Was verraten menschliche Spuren in Steinzeithöhlen über das Leben und die Kunst zu jener Zeit? Um diese Frage nicht nur aus der Sicht westlicher Wissenschaft zu beantworten, haben Dr. Tilman Lenssen-Erz von der Forschungsstelle Afrika an der Universität Köln und Dr. Andreas Pastoors vom Neanderthal Museum in Mettmann zusammen mit namibischen Fährtenlesern Höhlen in den französischen Pyrenäen erkundet. In dem DFG-geförderten Projekt wollten sie herausfinden, ob sich über die Kunst der Steinzeitmenschen dort mehr sagen lässt, wenn die Umgebung in die Interpretationen einfließt. Es war ein Versuch mit offenem Ausgang. Doch die Ergebnisse überzeugten: Die Methodik der namibischen Fährtenleser, der San, förderte Erkenntnisse über die Menschen aus der Alt-Steinzeit zu Tage, die der Wissenschaft mit jeglichen bisher angewandten westlichen Methoden verborgen geblieben waren. Und die Entdeckungen gingen sogar noch darüber hinaus: Bisherige Annahmen konnten anhand von eindeutigen Indizien widerlegt werden.
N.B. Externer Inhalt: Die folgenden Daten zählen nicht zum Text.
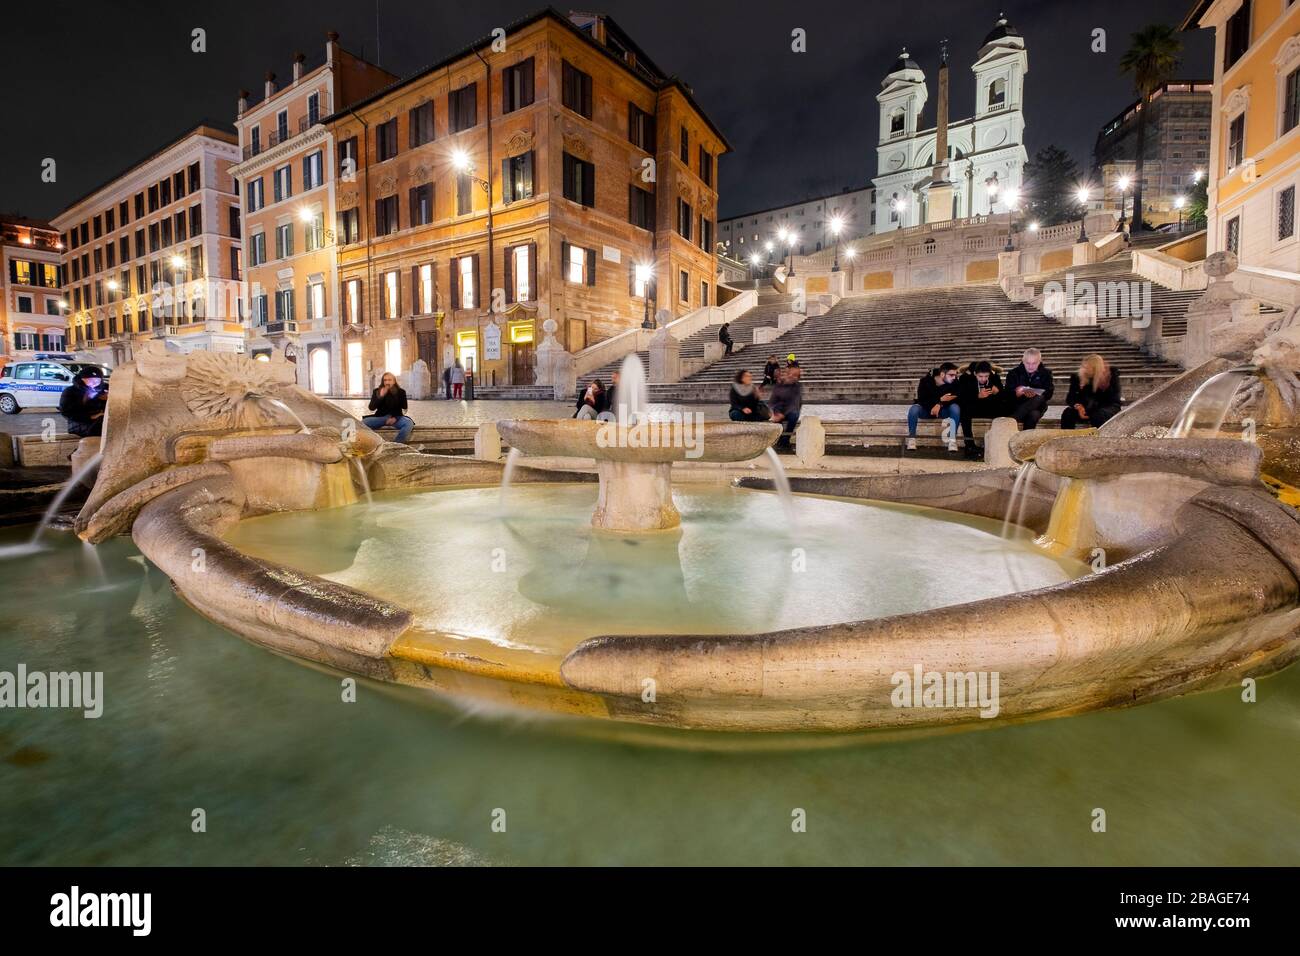 Nigh view of the Spain square and Fontana della Barcaccia, Piazza di Spagna. Rome Stock Photo

Das Projekt ist das erste, bei dem Archäologen, beziehungsweise überhaupt Wissenschaftler mit westlicher Denk-, Lebens- und Herangehensweise mit indigenen Partnern zusammengearbeitet haben. Zum ersten Mal haben kompetente Spurenleser die Abdrücke in den Höhlen mit steinzeitlichen Felsmalereien untersucht und analysiert. Zuvor hatten Wissenschaftlerinnen und Wissenschaftler sie lediglich vermessen – eine Methode, die schnell an ihre Grenzen stößt. Für die Fähigkeit des Menschen, Fährten zu interpretieren, war bisher kein Platz im westlichen Wissenskanon. Besonders interessant ist für Lenssen-Erz und Pastoors deswegen die indigene Methodik der San, mit der sie bei der Erschließung der Spuren vorgehen und mit welch hochspezifischem Wortschatz der Entscheidungsfindungsprozess abläuft. „Die Methoden sind viel genauer und bringen umfangreiche und eindeutige Ergebnisse im Vergleich zu den bisher getätigten Messungen“, fasst Lenssen-Erz zusammen.
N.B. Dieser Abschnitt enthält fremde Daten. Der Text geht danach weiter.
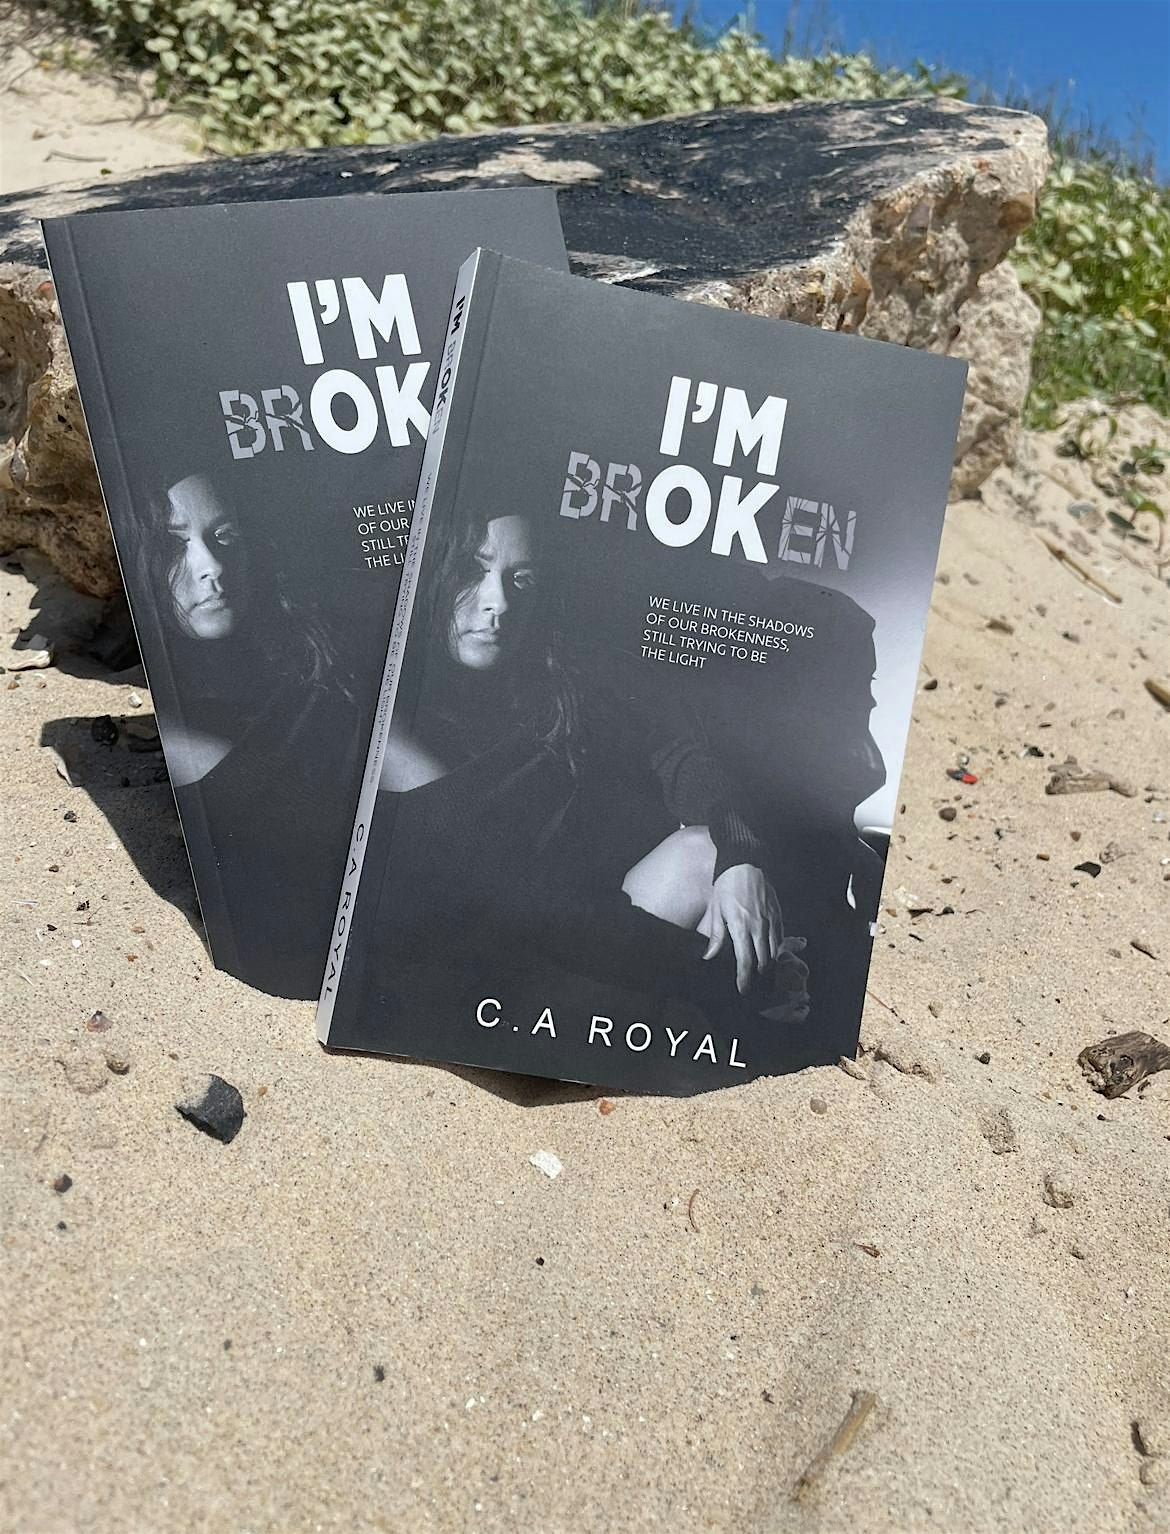 Book Launch - Part One of the memoir "I'm brOKen"

Nicht nur in der wissenschaftlichen Community sondern auch in den Medien traf das Projekt auf große Aufmerksamkeit. So begleitete ein Team des Fernsehsenders Arte die San in die Höhlen. Darausist ein 90 minütiger Film entstanden, der nur einen Teil der umfangreichen medialen Berichterstattung ausmacht.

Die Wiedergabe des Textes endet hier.